First of all, I would like to give credits to original researchers who highlighted this issue into the public.
The original blog post can be accessed through this link
I used their concepts to write a tool which automates the entire process and finds out potential leaks.
The tool can be found here.
What is Travis?
Travis CI is a hosted continuous integration service used to build and test software projects hosted at GitHub.
According to Travis for open source projects, they can be used for free, but the entire Travis log remains public. This opens a door for malicious hackers to harvest sensitive API keys, passwords, etc. of the organization having public Travis logs.

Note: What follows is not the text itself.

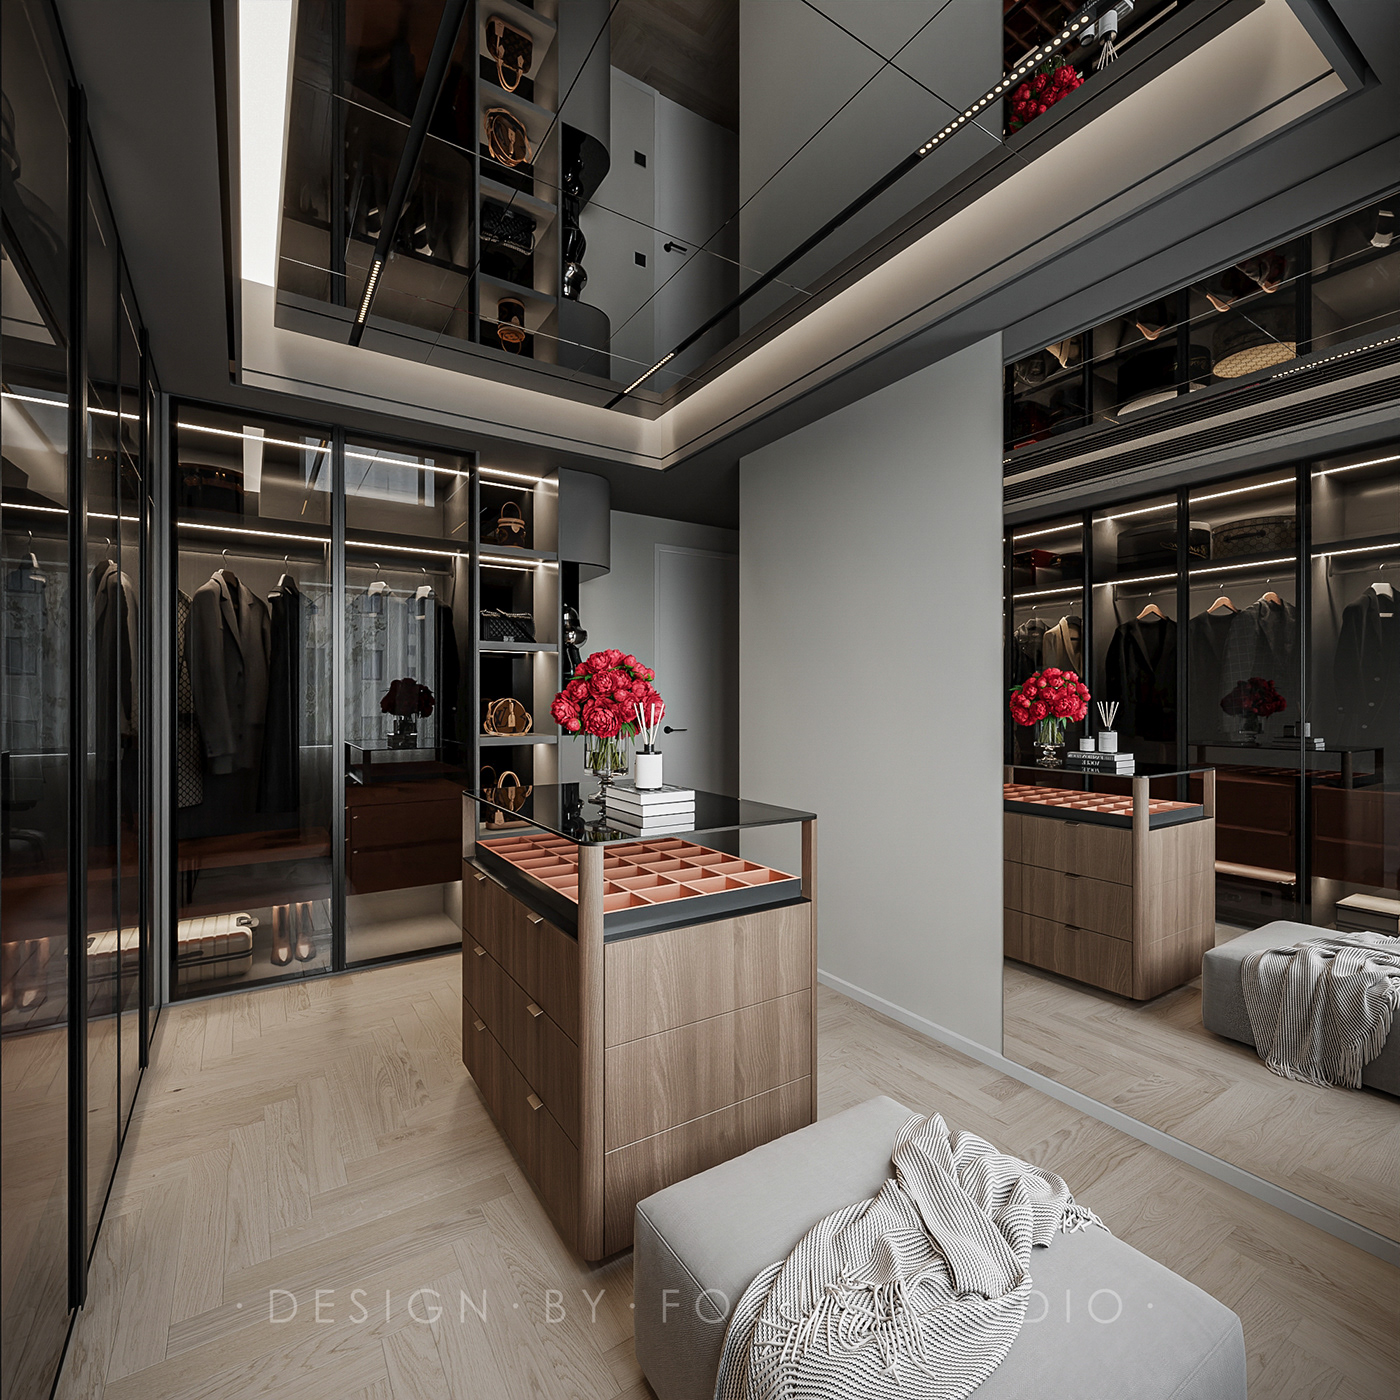 architecture bedroom design furniture kitchen living room modern Render visualization

Travis, in 2015, acknowledged that their API is being misused to find sensitive keys. They also started hiding potentially sensitive data in Travis logs by replacing them with the [secure]. But the question was, it enough?
Now Ed in his research already listed common keywords in Travis logs which could potentially leak some sensitive data. But while looking for those keywords, I realized most of them got replaced with [secure] by Travis. It seems like Travis hides sensitive data based on some whitelisted keywords.
So the plan was to look for keywords based on Ed's list and additionally use the concept of entropy to find possible API keys. This seemed to be the right solution because it was not easy to figure out more potential keywords.
Example GITHUB_TOKEN is perhaps blacklisted as can be seen above. What if the variable is TSD_GITHUB_TOKEN? Difficult to guess, but if we use the concept of entropy, we can find the possible leak.